I blinked. Adrian seemed to be serious, and not because he wanted to test how well I could be ordered, but he meant it. He really believed what he said, that something was about to happen, and he wanted me and even Will to get away from it.

"But… how do we know for how long?" A stupid thing to ask for first question, but I had no choice but to believe him.

"Oh, believe me, you'll know," he said grimly.

"I… will try," I said faintly and took a cautious step towards the door and him. When he didn't stop me, I moved a little more confidently. But when I was beside him, he suddenly spoke again.

"Do you know what Nostalgia is?" he asked. I wasn't quite sure what he meant; of course I knew it was his widely-advertised fragrance, but as this was Adrian it might as well have been a trick question of some sort.

He didn't wait for my answer.

"It's the scent of you that lingered in the dressing room, in the sheets, in the kitchen…" he said leisurely, forming the words so softly that it brought his old accent out surprisingly clearly. To some other woman that might have sounded creepy, but to me, knowing Adrian better than anyone else in the world – even though that wasn't much – it was a sign of respect.

I touched his elbow, as he had done to me. That was something he hadn't expected, and it made his expression change into rare amazement.

"Alles gut, Adrian," I whispered. For a moment we just stood there in the empty, stolid lounge in the scent of whiskey.
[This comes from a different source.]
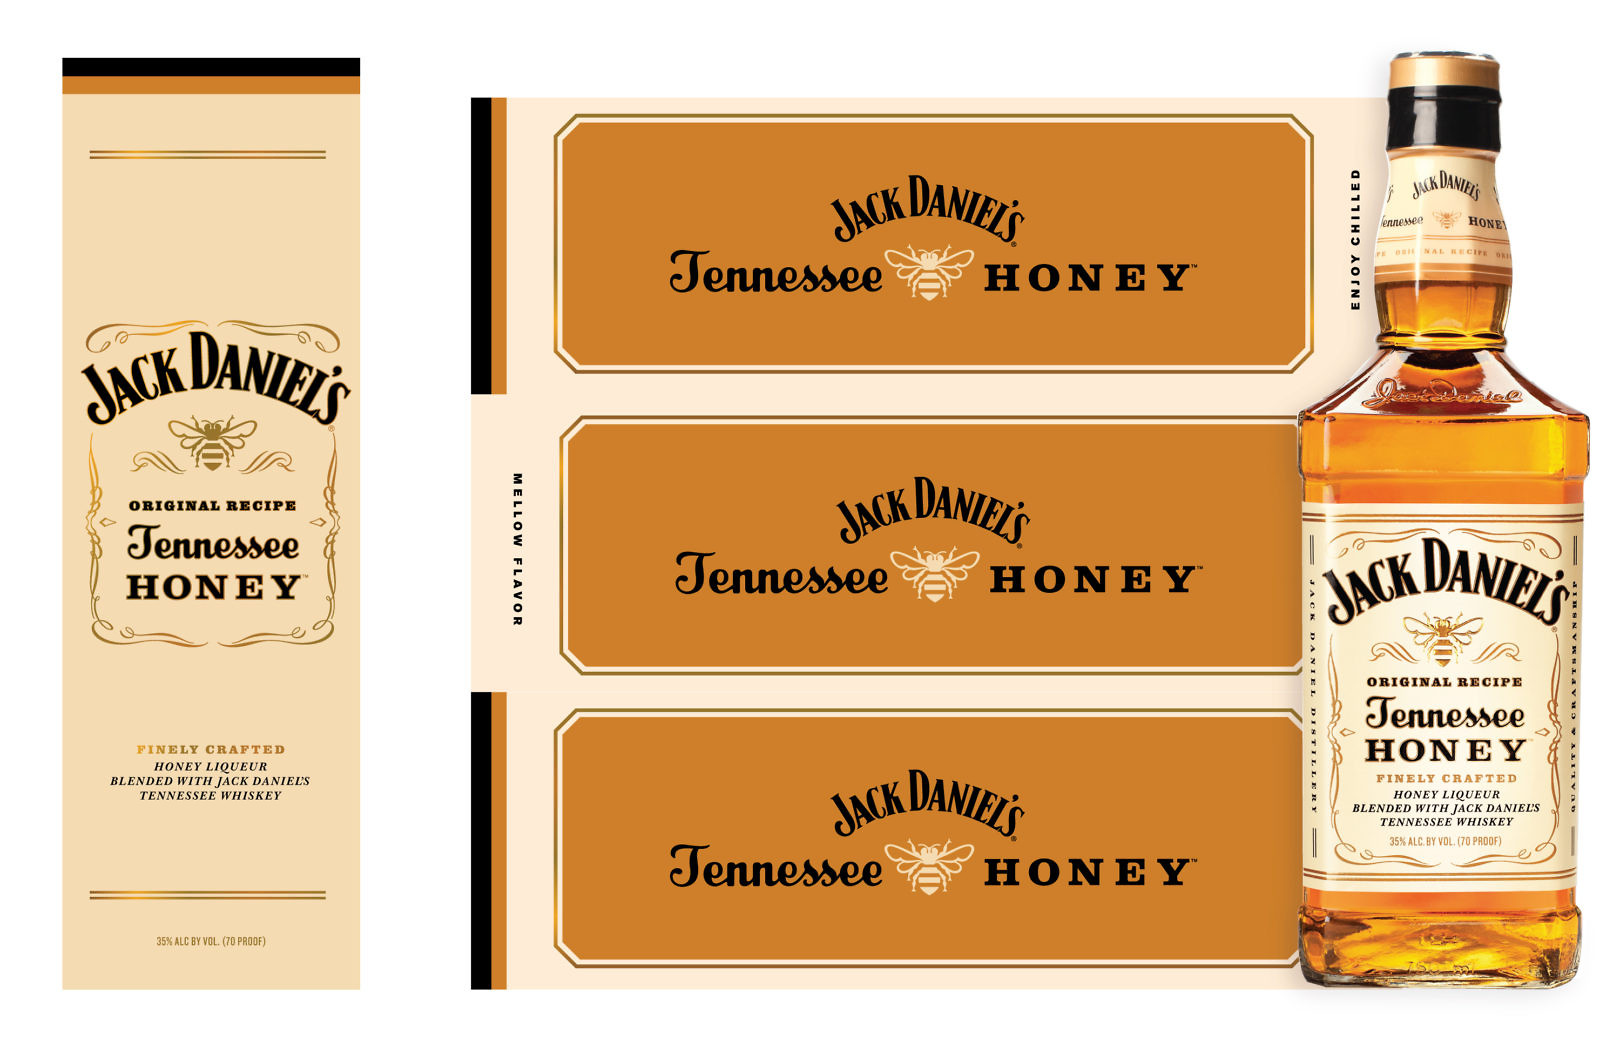 Jack Daniels Tennessee Honey box

His eyes were attached to my hand on his arm; my eyes examined his tired, stationary face. Then he looked straight into my eyes and said:

"Ebenfalls."

I let go and walked back to the elevator. I don't know how long he stayed there. In my imagination he is stuck there forever, leaning to the bar counter, looking blankly at the dark windows.
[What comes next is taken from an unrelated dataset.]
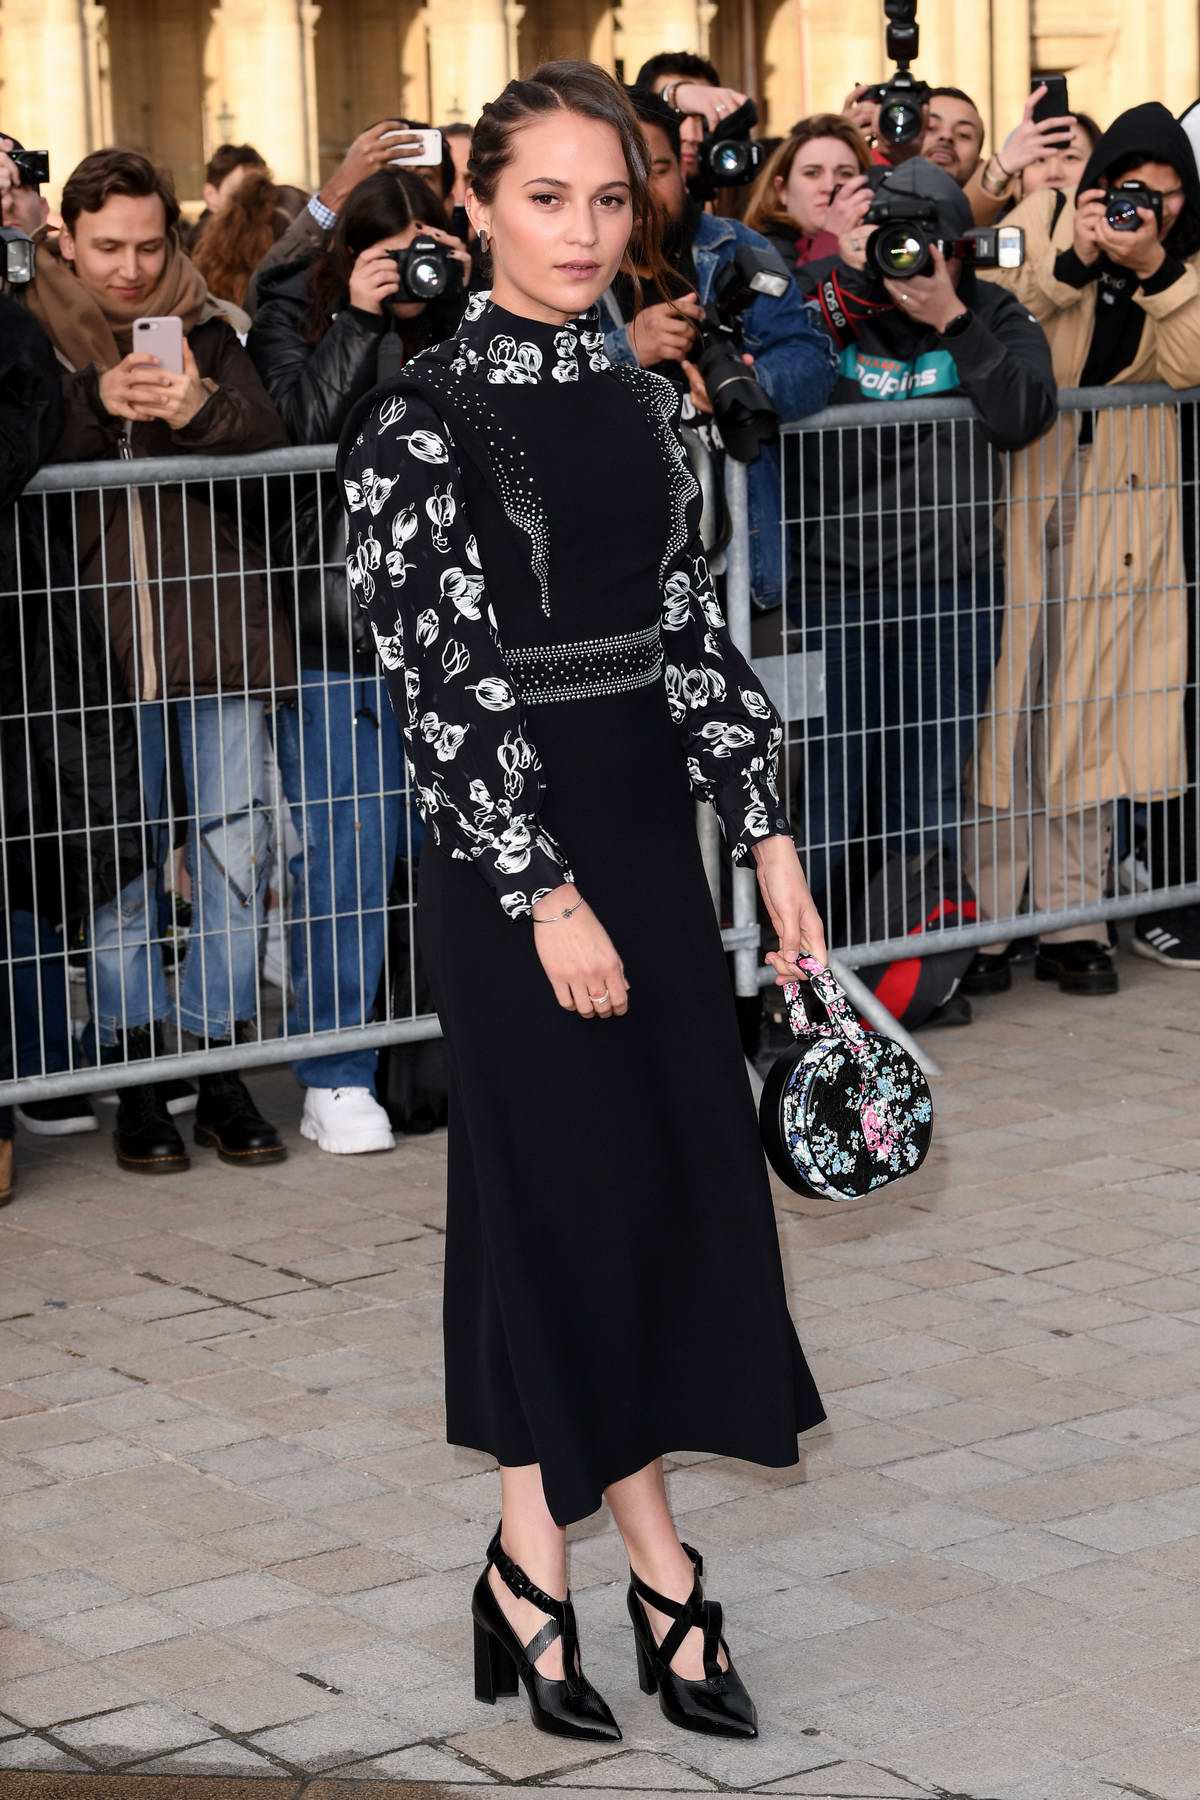 Alicia Vikander Louis Vuitton Fashion Show in Paris October 1, 2019 – Star  Style

A couple of months later, Will and I were having our quick honeymoon getaway in Hawaii when we read in the newspapers about the sudden destruction of New York.
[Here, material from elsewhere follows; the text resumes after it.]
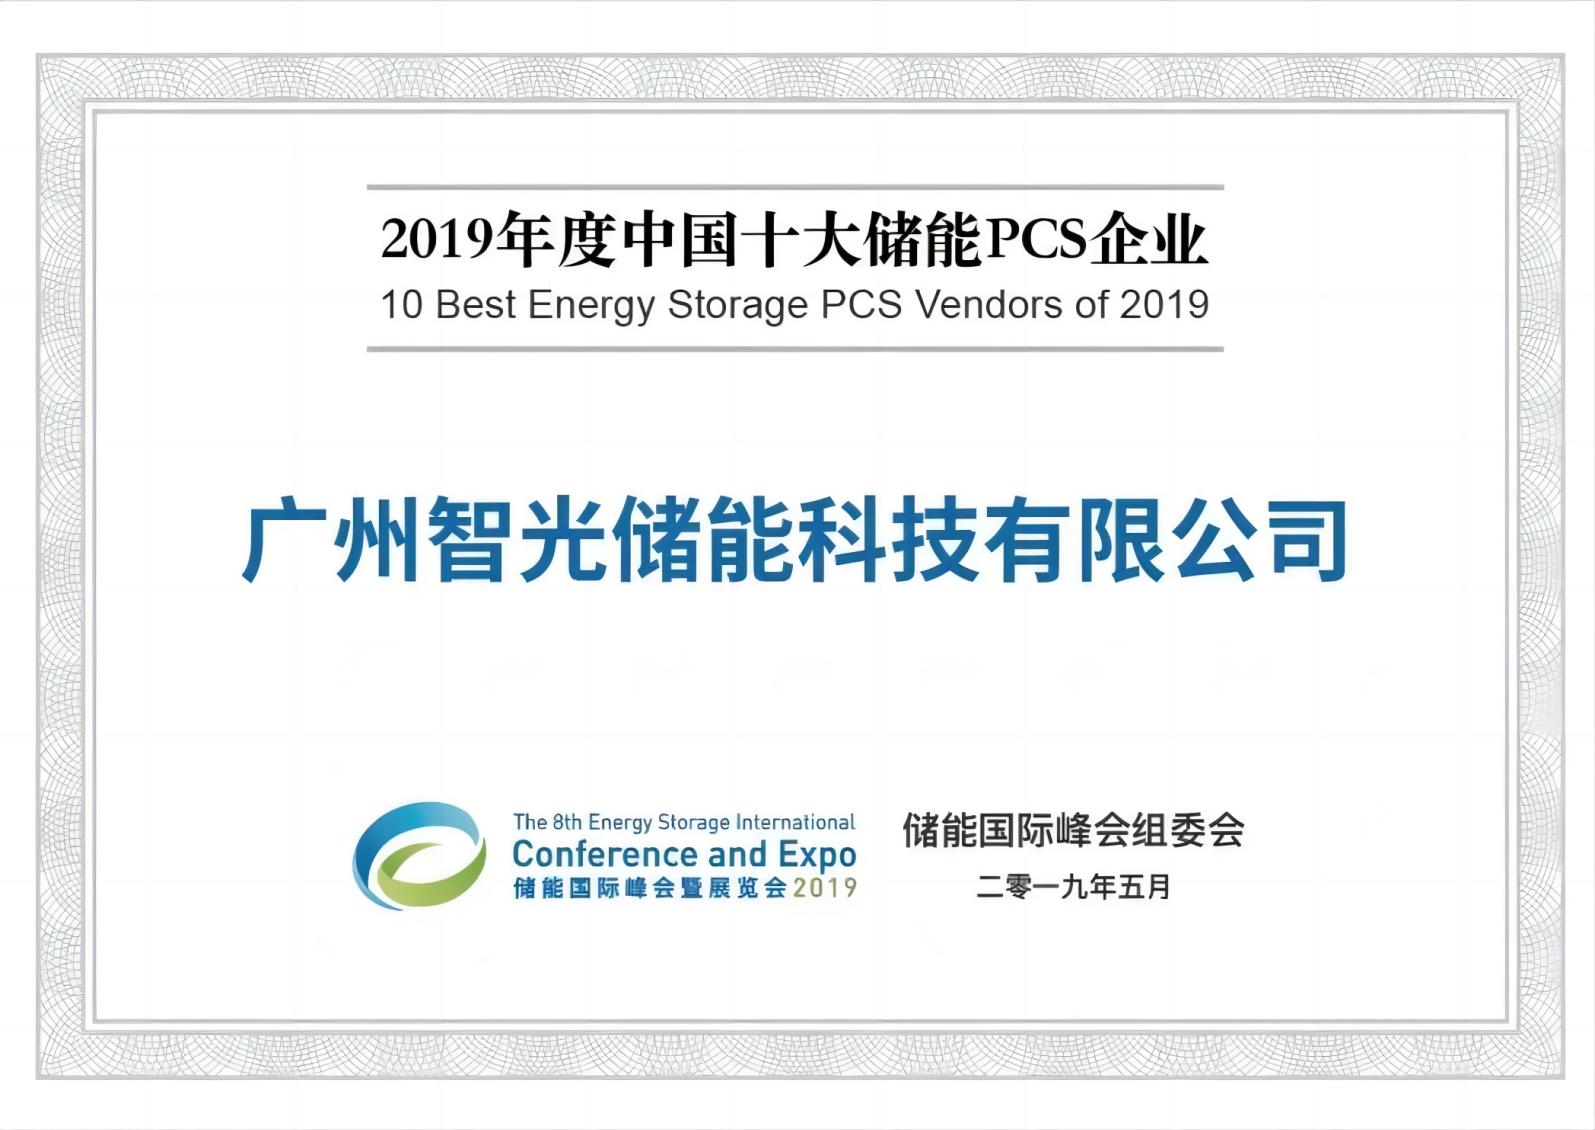 2019 Top 10 Energy Storage PCS Enterprises in China

"Who would have thought? Thank God we came here, I mean…" Will wasn't able to finish his sentence, looking pale despite his healthy tan.

I was shocked as any other, but I never let anyone else know that I knew who had been responsible for millions of lives lost. I hadn't told Will about the conversation between Adrian and me, so the exact reason for my outrage didn't occur to Will; he couldn't make the connection between the encounter at the fundraiser, my sudden urge to get married in a distant location and a long holiday afterwards.

I stared at the ocean ahead and sipped my overly sweetened drink. Where was Adrian now? I didn't even know if I wanted him to be dead or not; if he was alive, did I want him to be caught and forced to take responsibility of his actions? An urge to call him and oddly enough to comfort him over took me. I shook my head and took a deep breath. It was now over, for good, whatever there had been between Adrian and me. If it was up to me, I could stay on this island for the rest of my life, without hearing of Adrian Veidt never again.

I got up and covered a hole in the sand I had dug with my toes unconsciously. As if it was symbolic somehow.